Anaphora resolution has proven to be a very difficult problem of natural language processing, and it is useful in discourse analysis, language understanding and processing, information exaction, machine translation and many more. This paper represents an algorithm that instead of using a monolithic architecture for resolving anaphora, use the combination of constraint-based and preferences-based architectures, each uses a different source of knowledge, and proves effective on theoretical and computational basis. An algorithm identifies both inter-sentential and intrasentential antecedents of “Third person pronoun anaphors”, “Pleonastic it”, and “Lexical noun phrase anaphora”. The algorithm use Charniak parser (parser05Aug16) as an associated tool, and it relays on the output generated by it.
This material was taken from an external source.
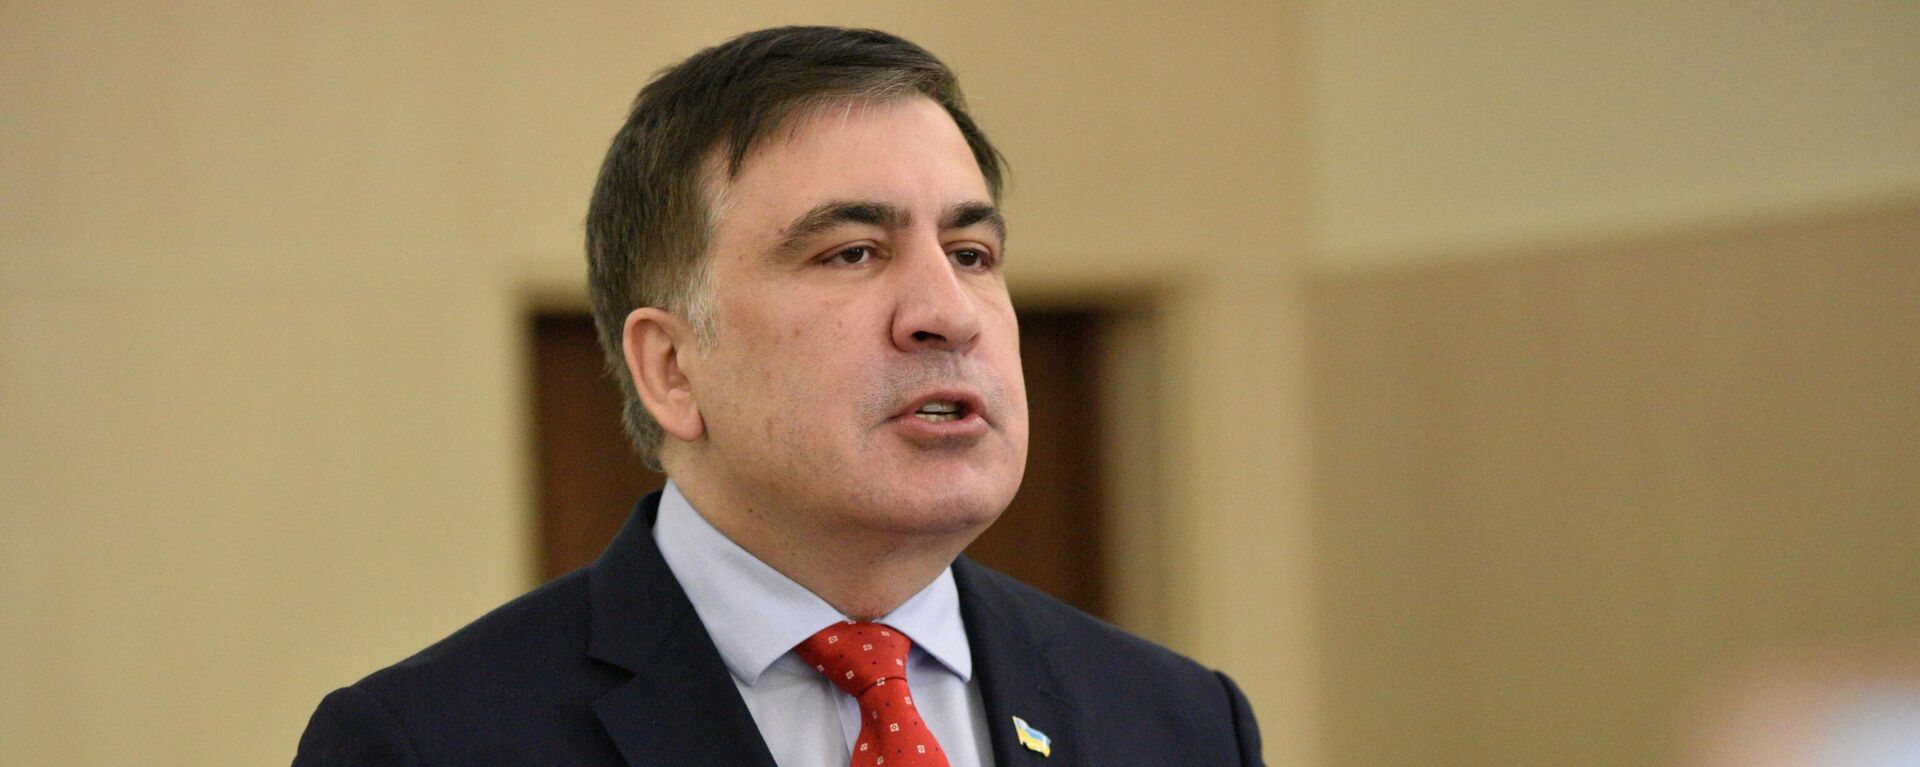 Экс-президент Грузии, бывший губернатор Одесской области Михаил Саакашвили  - Sputnik Азербайджан, 1920, 02.12.2021

Salience measures derived from parse tree, in order to find out accurate antecedents from the list of potential antecedents.

Keywords

Anaphora, Anaphora resolution, antecedent, discourse, Pronominal Resolution

INTRODUCTION

Interpreting anaphoric expressions is one of the most fundamental aspects of language interpretation. The study of anaphora and anaphora has brought about many fundamental developments in theoretical linguistics and computational linguistics and has important practical applications in work on information extraction, summarization, and entity disambiguation. Anaphora resolution is a complicated problem in Natural Language Processing and has attracted the attention of many researchers. Anaphora describes the language phenomenon of referring to a previously mentioned entity (also called object or event); anaphora resolution is the process of finding that previous item. Consider the following clarifying example from a British World War II anti-raid leaflet:
“If an incendiary bomb drops next to you, don‟t lose your head. Put it in any bucket and cover it with some sand.” If this raised eyebrows - don‟t worry - it is meant to. Indeed “it” could stand for (or refer to) either of the two objects mentioned before it, “bomb” and “head”. The authors meant the former, but the rules of language have a tendency to bias readers to picking the latter. But then “head‟s” are not the usual things one puts in buckets and covers with sand. What anaphora resolution, when done correctly, enables us and systems to do, is to merge the previous information about an entity with the new information we encounter. So think of anaphora as the intricate balance between conciseness of communication and the ability of humans to understand each other. [1]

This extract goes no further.